A decorated balustrade keeps out the morning chill,
As if one were looking from the Aloeswood Pavilion.
As spring arrives, who is the overseer of the blossoms:
The peony, it is, who commands the fragrant throng.
Written by Feng Qi (1559-603), a scholar official of the late Ming dynasty (13681644), the poem refers to the peonies given to Prime Minister Yang Guozhong (died 756) by the Emperor Xuanzong (reigned 712-56). Within the Prime Minister's collection, crimson, white, and pink blossoms were considered the rarest; these are the very colors depicted by Hoitsu.

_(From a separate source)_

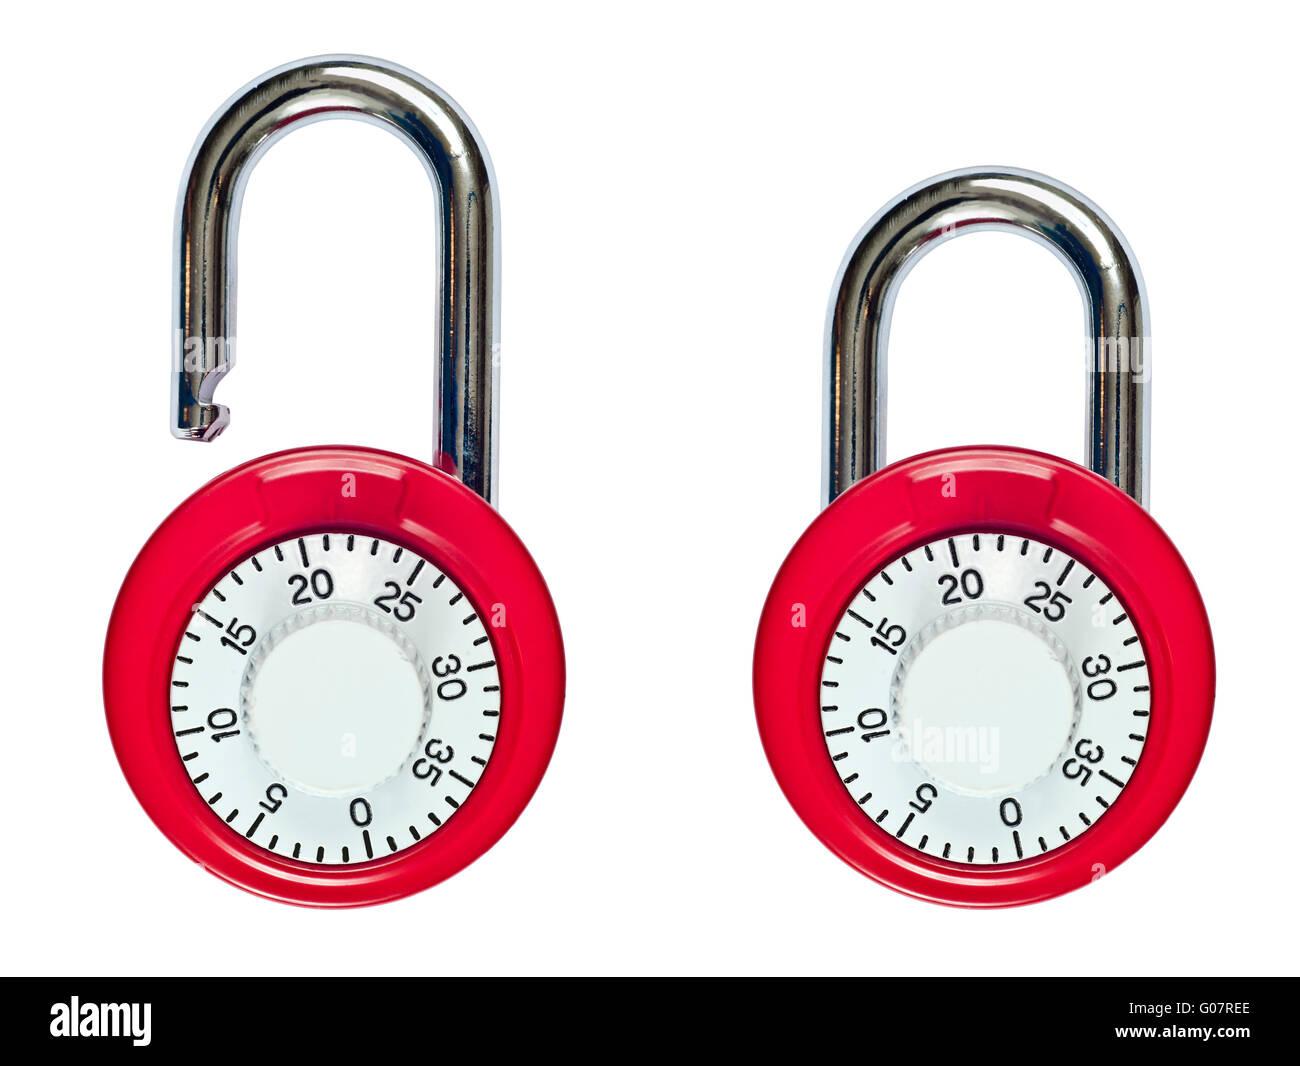 Combination Lock Stock Photos & Combination Lock Stock
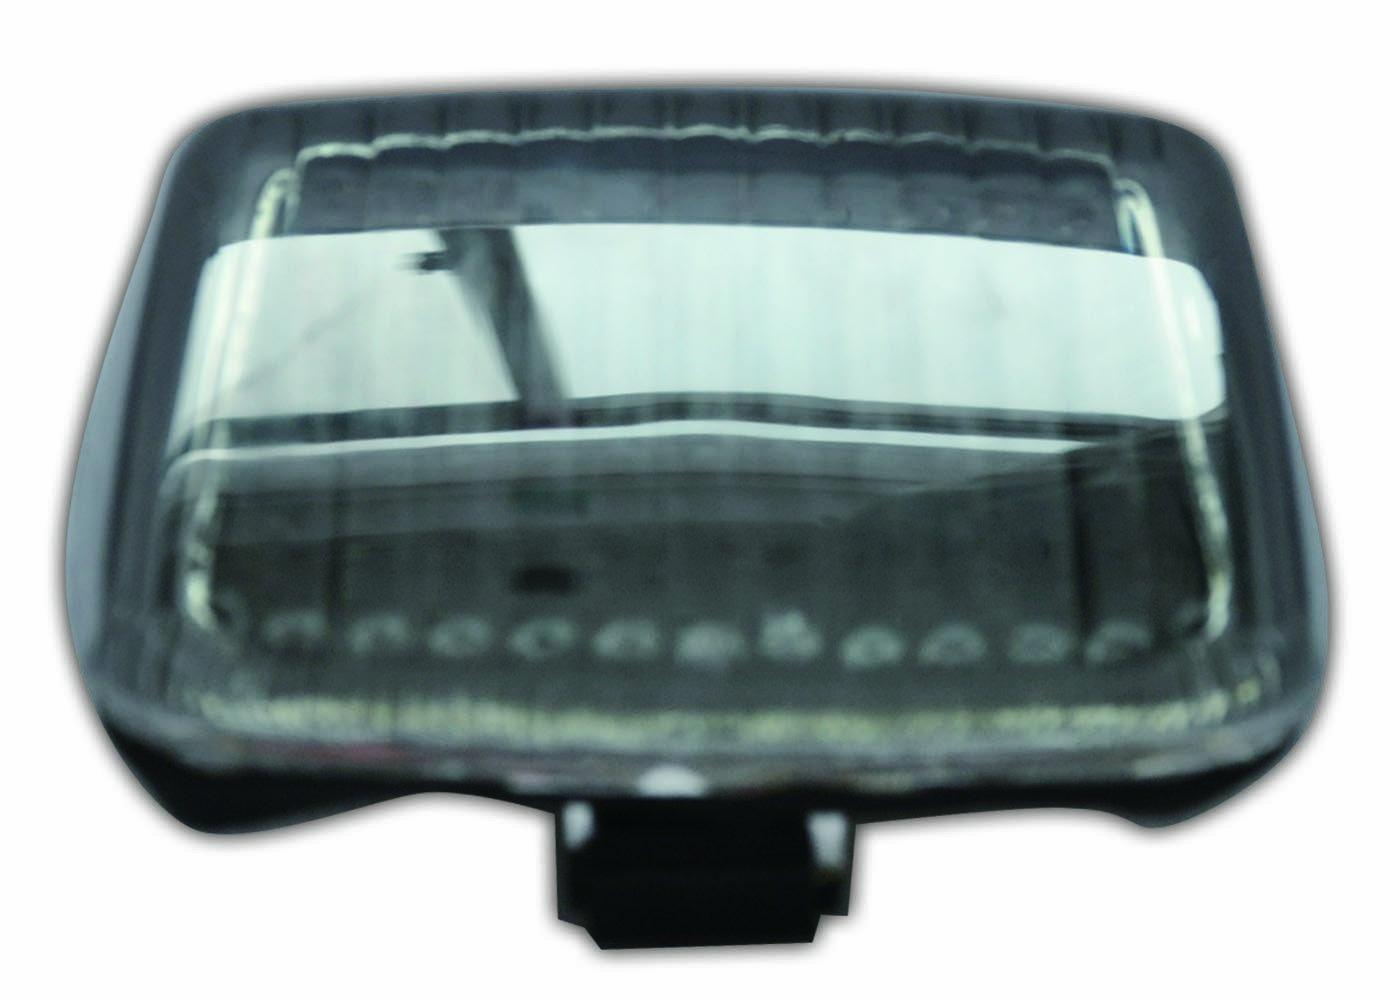 TZHD-114-INT-S Smoke Integrated Tail Light Top Zone

Poems of the Tang dynasty also compare the voluptuous beauty of the emperor's mistress, Lady Yang (719-756), to the peony.
The careful union of image and text in this painting points out the high level of appreciation for Chinese classical literature in Hoitsu's circle. Kameda Ryorai, who transcribed the poem, was the son of Kameda Bosai (1752-1862) a distinguished Confucian scholar, painter, and calligrapher.
After sampling and mastering a wide range of current painting styles, Hoitsu returned to the treasures in his own household--works by Ogata Korin (1658-1716) commissioned by the artist's family in the early eighteenth century--and chose to celebrate and adapt the Korin style.